=== WORK INSTRUCTIONS ===
Give back exactly the stretch of data below from the line holding "Vintage Rolex Air King orange" through the line holding "ARB 4x4 Accessories", both ends included, and leave the remaining lines out.

[Opening PROVIDED RECORDS section]

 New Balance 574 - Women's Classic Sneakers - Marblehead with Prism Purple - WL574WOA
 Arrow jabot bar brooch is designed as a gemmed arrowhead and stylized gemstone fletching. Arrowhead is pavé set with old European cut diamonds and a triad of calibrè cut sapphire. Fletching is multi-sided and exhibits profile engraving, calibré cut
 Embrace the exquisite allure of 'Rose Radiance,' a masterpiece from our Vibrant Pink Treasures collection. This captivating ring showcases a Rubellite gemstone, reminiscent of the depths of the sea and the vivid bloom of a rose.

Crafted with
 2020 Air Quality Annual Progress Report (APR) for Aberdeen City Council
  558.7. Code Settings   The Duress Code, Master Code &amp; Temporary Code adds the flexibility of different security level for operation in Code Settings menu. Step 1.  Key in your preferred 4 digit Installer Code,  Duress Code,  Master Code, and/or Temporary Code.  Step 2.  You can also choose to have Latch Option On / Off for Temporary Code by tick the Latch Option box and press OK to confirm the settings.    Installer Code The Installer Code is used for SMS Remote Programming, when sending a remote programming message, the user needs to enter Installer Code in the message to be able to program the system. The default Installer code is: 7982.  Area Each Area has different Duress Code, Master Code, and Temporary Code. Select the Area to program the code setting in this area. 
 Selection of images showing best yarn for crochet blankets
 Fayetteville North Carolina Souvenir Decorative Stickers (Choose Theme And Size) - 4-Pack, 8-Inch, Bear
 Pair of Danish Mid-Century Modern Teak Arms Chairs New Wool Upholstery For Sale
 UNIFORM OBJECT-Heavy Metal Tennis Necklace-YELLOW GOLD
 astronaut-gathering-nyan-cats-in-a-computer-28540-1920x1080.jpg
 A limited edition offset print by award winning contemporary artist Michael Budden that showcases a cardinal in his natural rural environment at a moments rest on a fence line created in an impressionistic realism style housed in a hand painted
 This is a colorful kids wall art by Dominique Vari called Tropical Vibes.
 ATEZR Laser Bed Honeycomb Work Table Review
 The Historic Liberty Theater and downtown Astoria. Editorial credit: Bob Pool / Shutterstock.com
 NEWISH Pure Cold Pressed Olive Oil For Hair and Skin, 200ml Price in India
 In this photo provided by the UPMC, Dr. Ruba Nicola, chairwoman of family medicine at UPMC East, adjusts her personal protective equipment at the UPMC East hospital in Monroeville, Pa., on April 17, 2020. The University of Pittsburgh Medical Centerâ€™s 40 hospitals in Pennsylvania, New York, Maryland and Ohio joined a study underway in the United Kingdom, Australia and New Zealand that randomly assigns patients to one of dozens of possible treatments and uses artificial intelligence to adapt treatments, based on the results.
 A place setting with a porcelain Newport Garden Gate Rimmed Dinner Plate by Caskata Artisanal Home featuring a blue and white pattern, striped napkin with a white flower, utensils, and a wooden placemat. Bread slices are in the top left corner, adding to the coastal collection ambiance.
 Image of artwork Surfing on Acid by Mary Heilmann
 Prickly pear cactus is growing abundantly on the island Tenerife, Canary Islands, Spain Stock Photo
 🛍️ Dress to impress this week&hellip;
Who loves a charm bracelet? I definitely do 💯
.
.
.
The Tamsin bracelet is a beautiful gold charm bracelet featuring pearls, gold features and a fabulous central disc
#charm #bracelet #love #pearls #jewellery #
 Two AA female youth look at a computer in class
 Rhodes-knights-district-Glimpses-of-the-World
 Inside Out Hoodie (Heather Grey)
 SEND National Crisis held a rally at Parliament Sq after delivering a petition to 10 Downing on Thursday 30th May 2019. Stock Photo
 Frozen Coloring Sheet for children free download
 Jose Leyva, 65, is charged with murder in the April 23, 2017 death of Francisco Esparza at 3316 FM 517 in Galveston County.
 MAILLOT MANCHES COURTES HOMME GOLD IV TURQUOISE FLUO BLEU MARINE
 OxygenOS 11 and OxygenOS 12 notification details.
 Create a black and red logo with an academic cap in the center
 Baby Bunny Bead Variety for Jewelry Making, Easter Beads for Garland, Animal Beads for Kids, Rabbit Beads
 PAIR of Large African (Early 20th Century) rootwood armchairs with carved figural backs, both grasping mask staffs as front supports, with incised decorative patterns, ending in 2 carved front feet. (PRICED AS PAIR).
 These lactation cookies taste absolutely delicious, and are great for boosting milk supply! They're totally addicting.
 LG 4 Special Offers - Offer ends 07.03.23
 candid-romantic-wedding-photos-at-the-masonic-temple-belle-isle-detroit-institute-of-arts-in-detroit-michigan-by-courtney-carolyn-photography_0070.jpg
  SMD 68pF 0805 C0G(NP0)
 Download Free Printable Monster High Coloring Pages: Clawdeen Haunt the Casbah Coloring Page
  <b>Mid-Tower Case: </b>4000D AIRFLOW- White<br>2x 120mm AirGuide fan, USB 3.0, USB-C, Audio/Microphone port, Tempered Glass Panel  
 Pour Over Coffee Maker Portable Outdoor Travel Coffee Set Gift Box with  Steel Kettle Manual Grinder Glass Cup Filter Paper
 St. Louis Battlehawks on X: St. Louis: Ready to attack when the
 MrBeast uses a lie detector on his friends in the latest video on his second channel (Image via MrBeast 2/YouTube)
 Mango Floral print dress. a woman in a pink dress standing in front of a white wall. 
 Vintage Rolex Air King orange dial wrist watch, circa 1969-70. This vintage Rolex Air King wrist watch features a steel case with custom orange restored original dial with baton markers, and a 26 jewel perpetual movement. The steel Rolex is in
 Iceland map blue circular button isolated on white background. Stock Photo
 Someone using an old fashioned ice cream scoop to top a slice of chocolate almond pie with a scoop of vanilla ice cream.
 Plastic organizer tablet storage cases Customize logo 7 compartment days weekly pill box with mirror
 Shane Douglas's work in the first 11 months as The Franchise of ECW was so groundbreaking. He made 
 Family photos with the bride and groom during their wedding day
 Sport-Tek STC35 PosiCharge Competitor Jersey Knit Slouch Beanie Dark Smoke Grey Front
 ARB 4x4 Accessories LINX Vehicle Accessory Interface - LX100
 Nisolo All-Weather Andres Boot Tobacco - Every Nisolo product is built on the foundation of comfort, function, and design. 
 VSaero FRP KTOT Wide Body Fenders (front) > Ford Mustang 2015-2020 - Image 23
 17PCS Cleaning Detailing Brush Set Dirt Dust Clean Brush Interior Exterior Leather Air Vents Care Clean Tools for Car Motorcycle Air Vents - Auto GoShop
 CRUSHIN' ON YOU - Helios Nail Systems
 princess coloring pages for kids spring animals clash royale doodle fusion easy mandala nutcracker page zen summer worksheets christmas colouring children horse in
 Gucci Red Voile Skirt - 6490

[Closing PROVIDED RECORDS section]

=== TASK ANSWER ===
 Vintage Rolex Air King orange dial wrist watch, circa 1969-70. This vintage Rolex Air King wrist watch features a steel case with custom orange restored original dial with baton markers, and a 26 jewel perpetual movement. The steel Rolex is in
 Iceland map blue circular button isolated on white background. Stock Photo
 Someone using an old fashioned ice cream scoop to top a slice of chocolate almond pie with a scoop of vanilla ice cream.
 Plastic organizer tablet storage cases Customize logo 7 compartment days weekly pill box with mirror
 Shane Douglas's work in the first 11 months as The Franchise of ECW was so groundbreaking. He made 
 Family photos with the bride and groom during their wedding day
 Sport-Tek STC35 PosiCharge Competitor Jersey Knit Slouch Beanie Dark Smoke Grey Front
 ARB 4x4 Accessories LINX Vehicle Accessory Interface - LX100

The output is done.